WORK TO BE COMPLETED:
Take the whole listing and reproduce it exactly, pictures excepted.

SUPPLIED DATA:
---

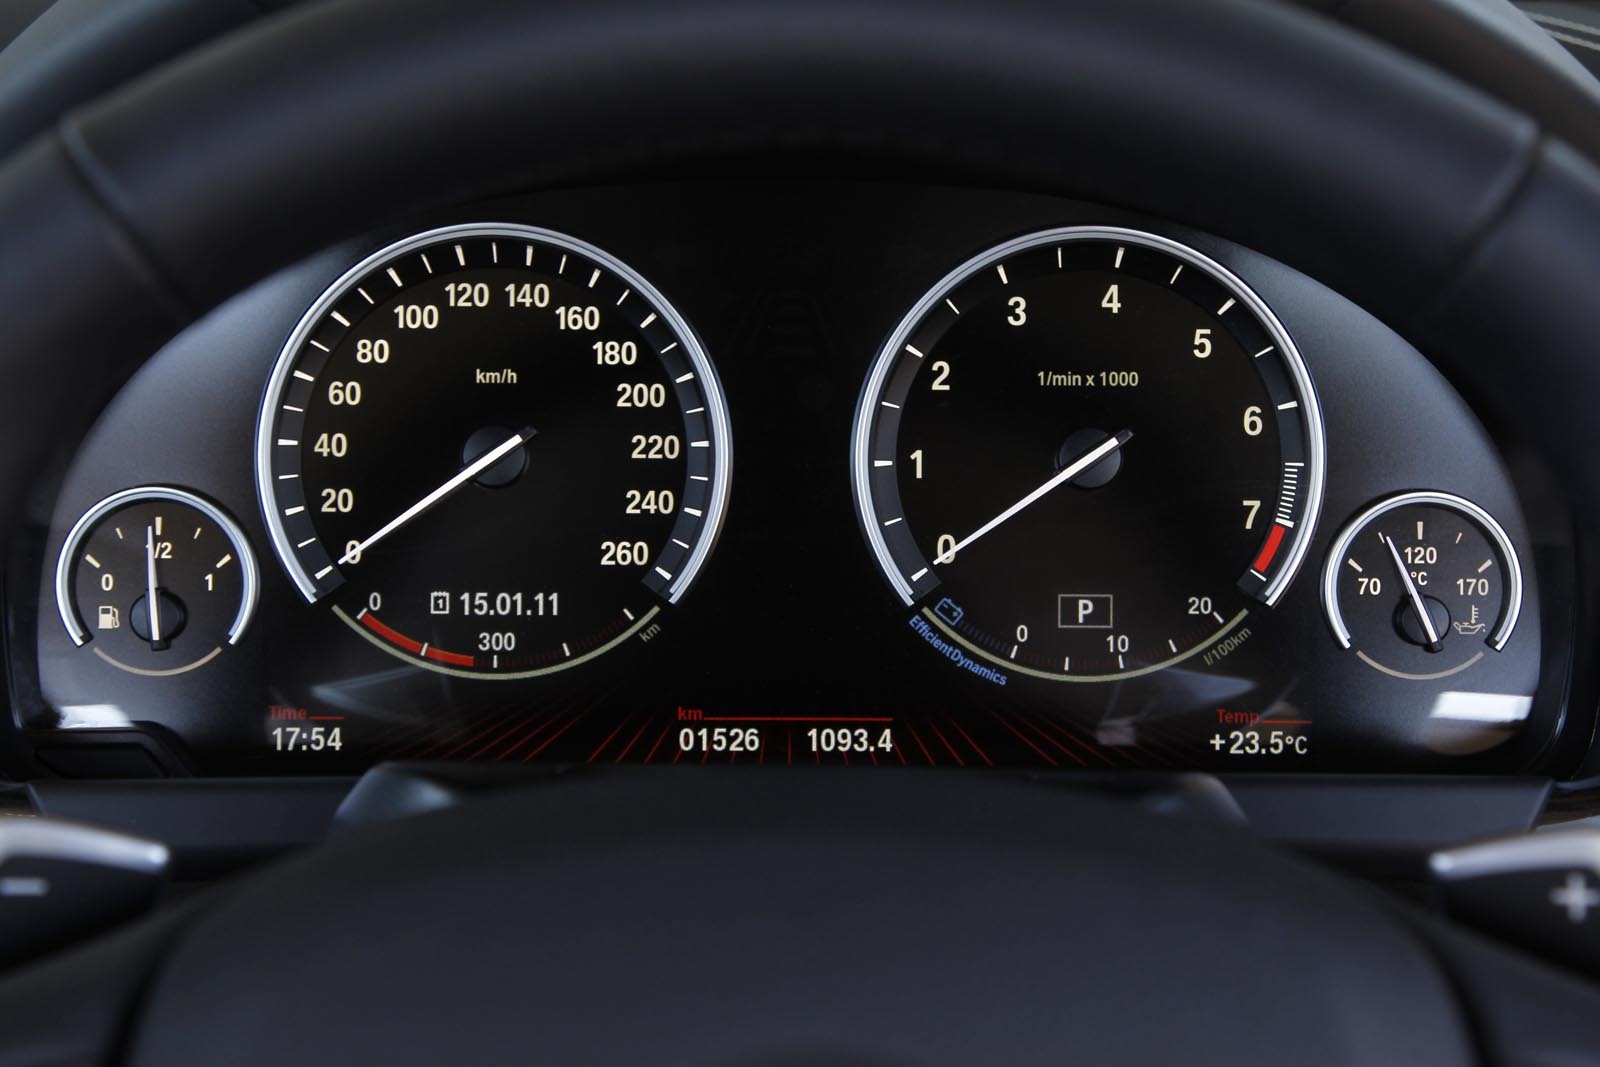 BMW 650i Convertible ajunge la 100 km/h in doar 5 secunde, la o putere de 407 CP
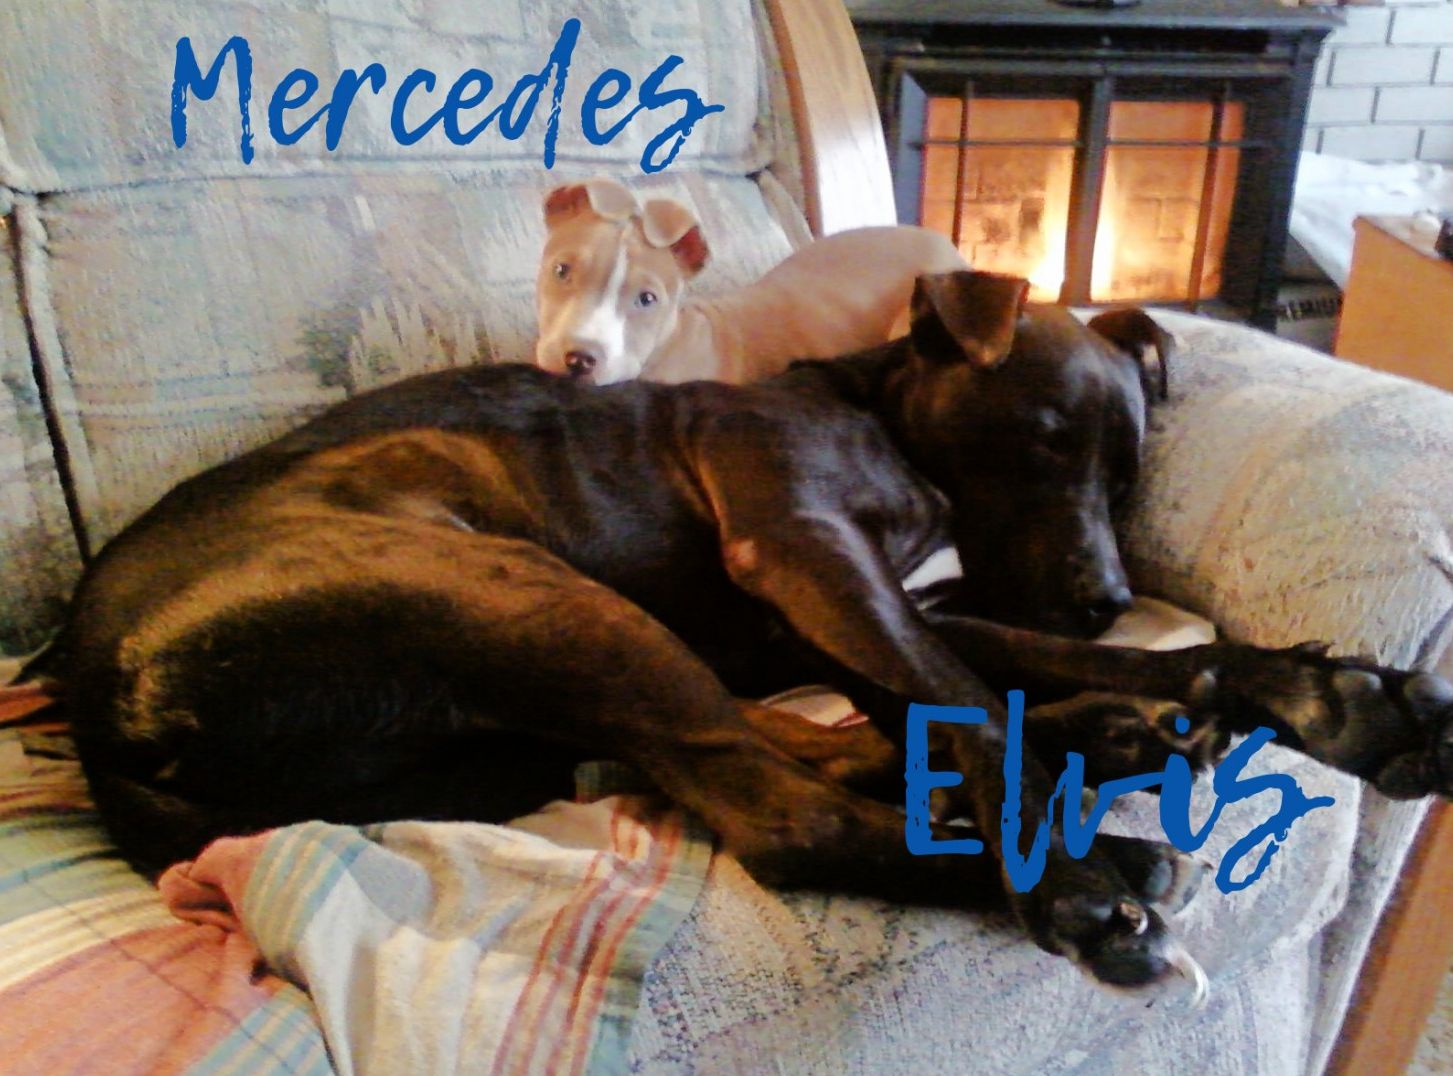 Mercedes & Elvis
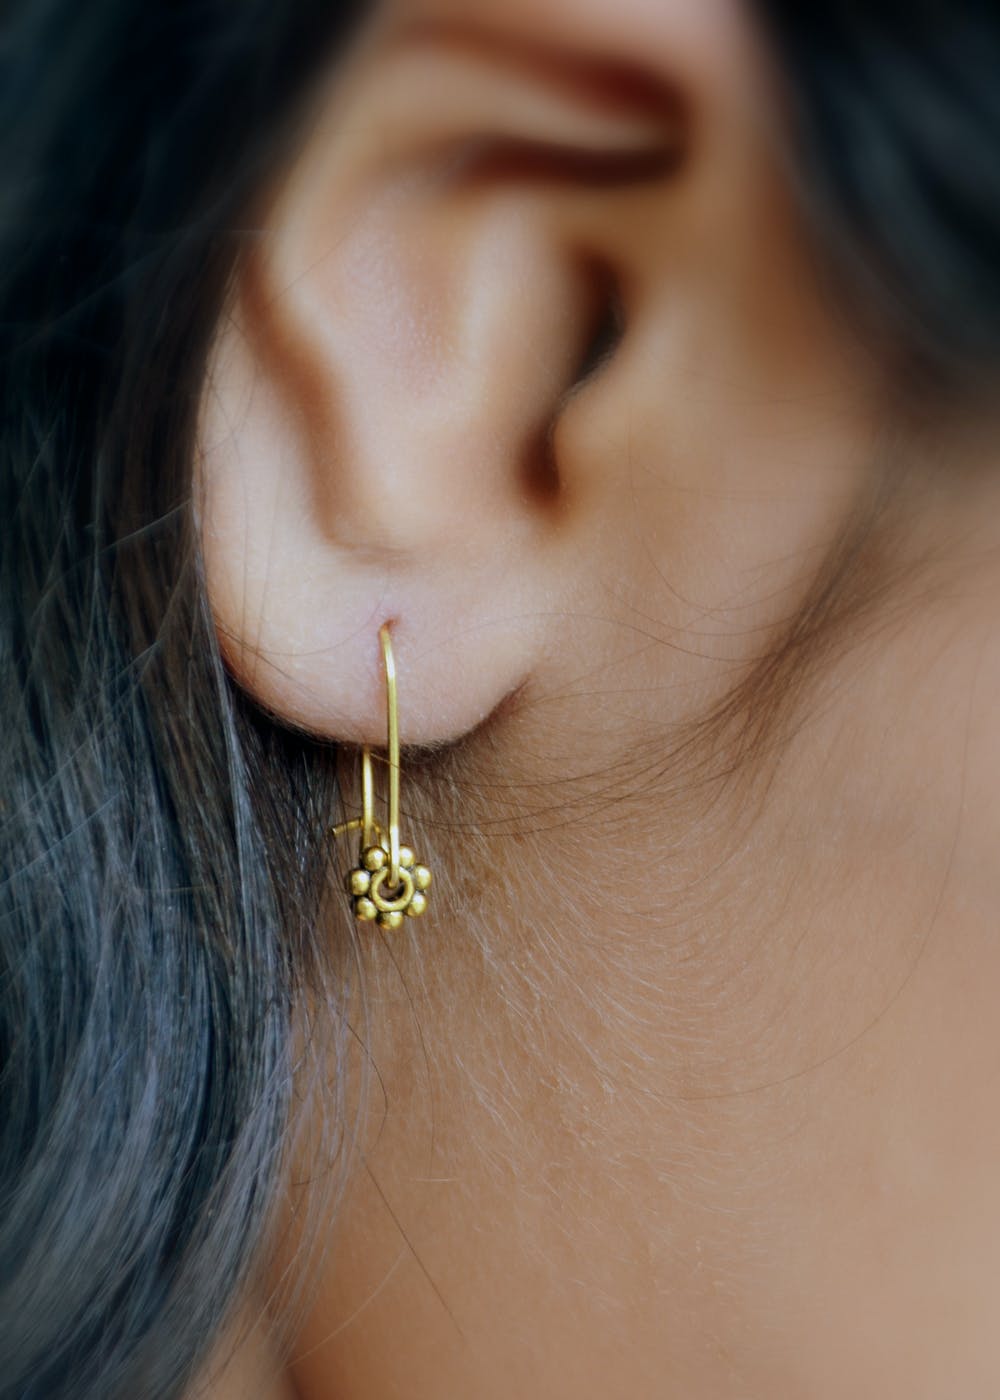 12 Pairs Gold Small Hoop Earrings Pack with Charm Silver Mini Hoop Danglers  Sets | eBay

---

REPLY:
 BMW 650i Convertible ajunge la 100 km/h in doar 5 secunde, la o putere de 407 CP
 Mercedes & Elvis
 12 Pairs Gold Small Hoop Earrings Pack with Charm Silver Mini Hoop Danglers  Sets | eBay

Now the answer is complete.